Morphology of gels: To visualize the morphology of PEG-TA5-OH3, HA-TA2.2 or PEG-TA5-OH3/HA-TA2.2 hydrogels, the samples were frozen in liquid nitrogen and then dried for two days. After coating with gold, samples were analyzed with a Zeiss HR-SEM equipped with NORAN EDS and WDS with a maximum and minimum accelerating voltage of 30 kV and 0.2 kV, respectively, and a field-emission gun.

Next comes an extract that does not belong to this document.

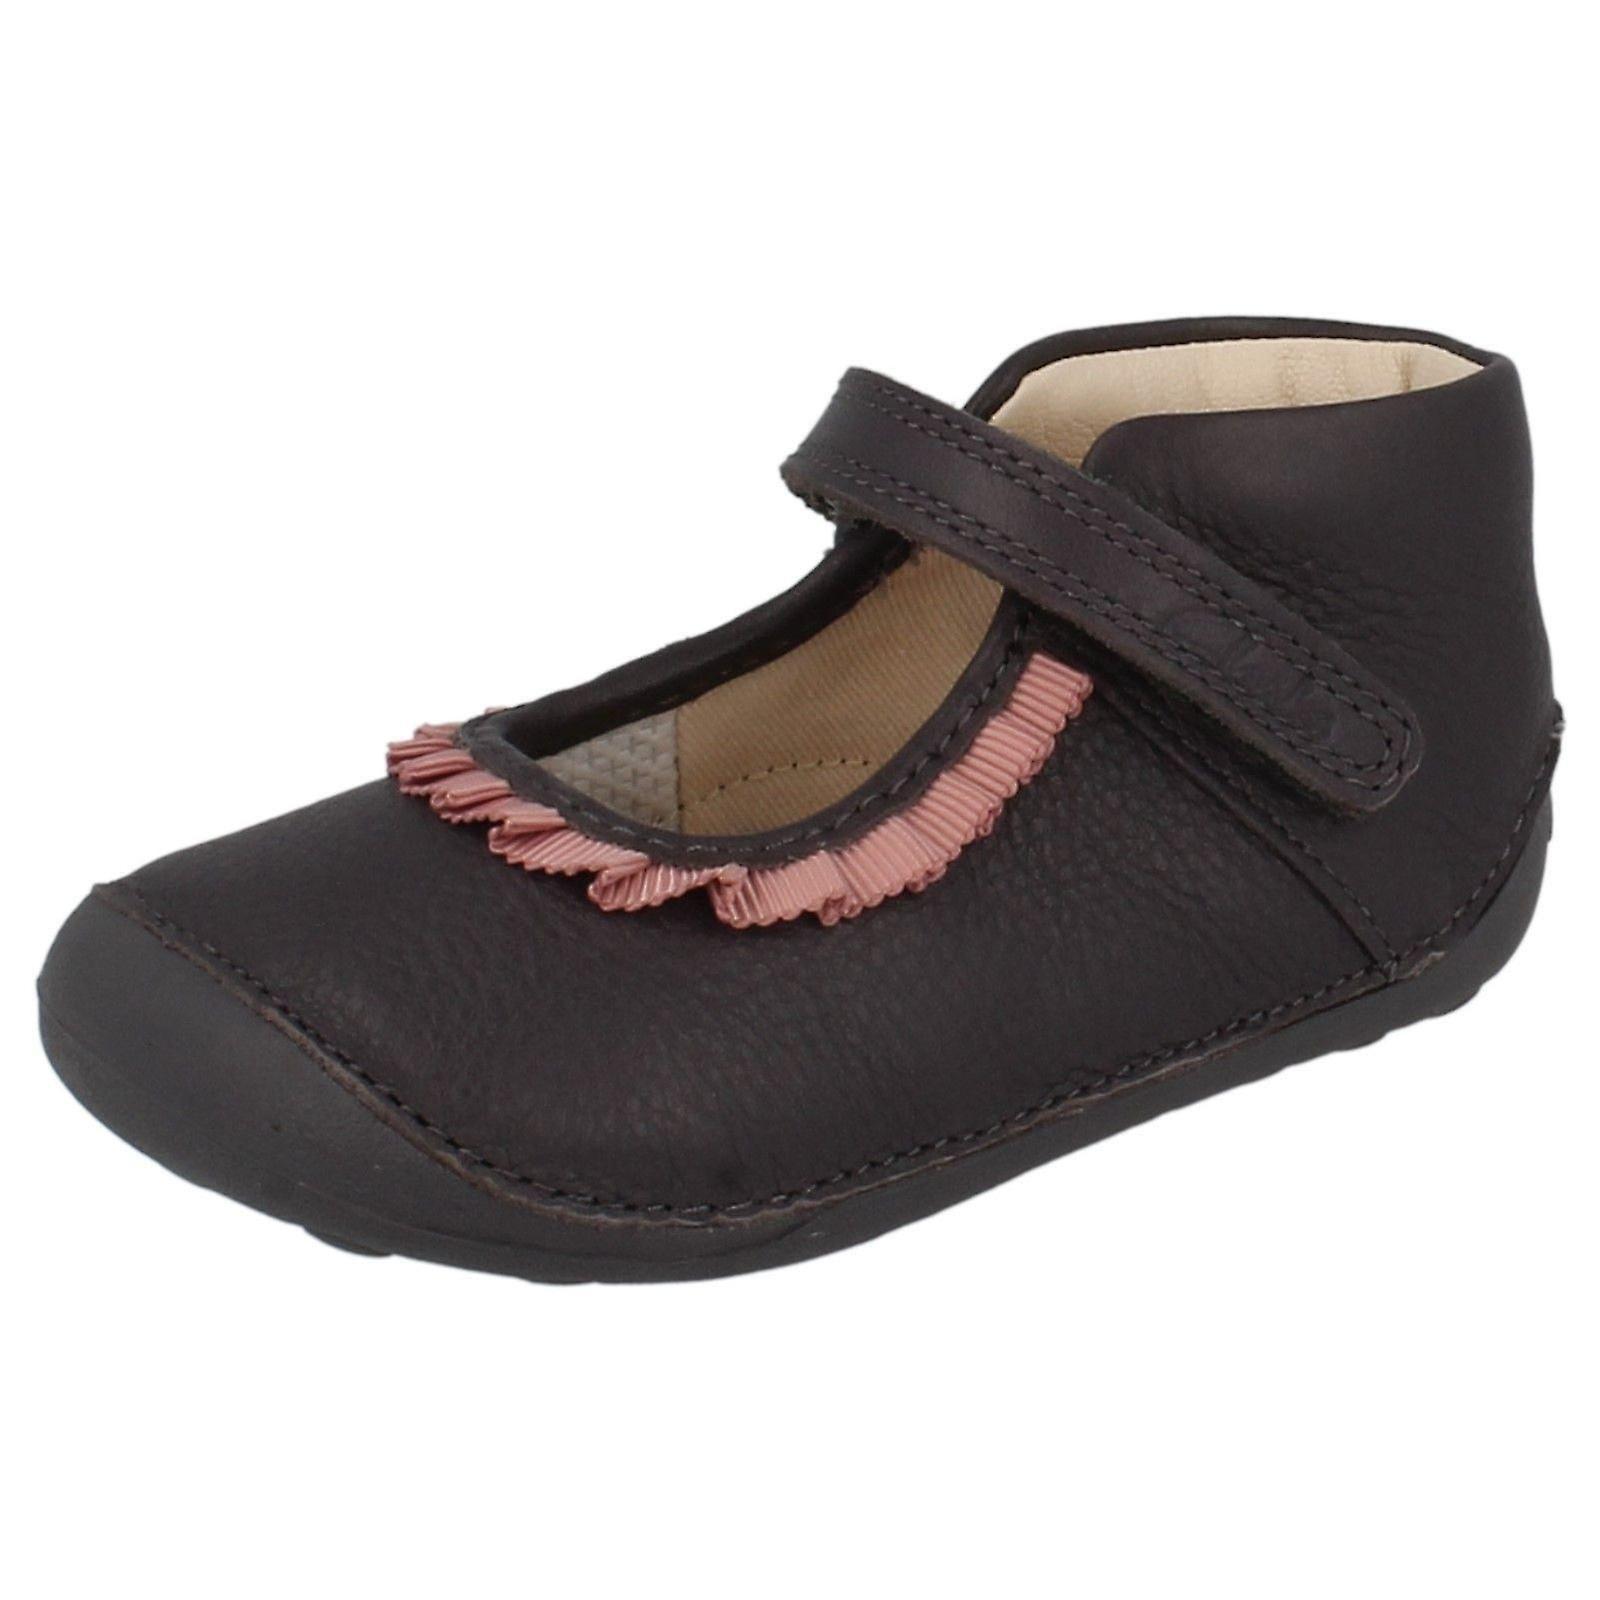 Girls Stef Clarks First Shoes Little Stef Girls cbeb0c

Swelling and degradation behavior: PEG-TA5-OH3, HA-TA2.2 or PEG-TA5-OH3/HA-TA2.2 hydrogels (0.2 mL, 10 wt%) were prepared as described above and accurately weighted (Wi). The samples were subsequently incubated in 2 mL of PBS containing 100 U/mL hyaluronidase at 37 °C. At regular time intervals, the enzyme solution was removed from the samples and the weight of the hydrogels was determined (Wde). Remaining gel (%) was calculated from Wde/Wi. After weighing, fresh enzyme solutions were added to the hydrogels. The experiments were performed in triplicate.

Human mesenchymal stem cells isolation: All polymers were sterilized by filtration of aqueous solutions through filters with a pore size of 0.22 μm before lyophilization and thereafter stored in sterile tubes before use. Human bone marrow derived mesenchymal stem cells (hMSCs) were isolated as previously reported [39] and cultured in MSC proliferation medium (α-MEM (Gibco) supplemented with 10% fetal bovine serum, 1% L-glutamin (Gibco), 0.2 mM ascorbic acid (Gibco), 100 U/mL penicillin, 10 μg/mL streptomycin and 1 ng/mL bFGF). The use of human material was approved by a local medical ethical committee. Hydrogels containing hMSCs were prepared under sterile conditions by mixing a polymer/cell suspension together with HRP and H2O2 solutions. PEG-TA5-OH3/HA-TA2.2 solutions at different weight ratios (100/0, 80/20, 50/50, 20/80 or 0/100) were prepared in proliferation medium and HRP and H2O2 stock solutions were made in PBS. Human mesenchymal stem cells (P3) were dispersed in the precursor solution of the hydrogels. The hydrogels were then formed as described in section hydrogel formation and gelation time. The final polymer concentration was 10 wt% and the cell seeding density in the gels was 5 × 106 cells/mL. After gelation, the hydrogels (100 μL each) were transferred to a culture plate and 2 mL of hMSCs proliferation medium was added. The samples were incubated at 37 °C in a humidified atmosphere containing 5% CO2. The medium was replaced every 3 or 4 days.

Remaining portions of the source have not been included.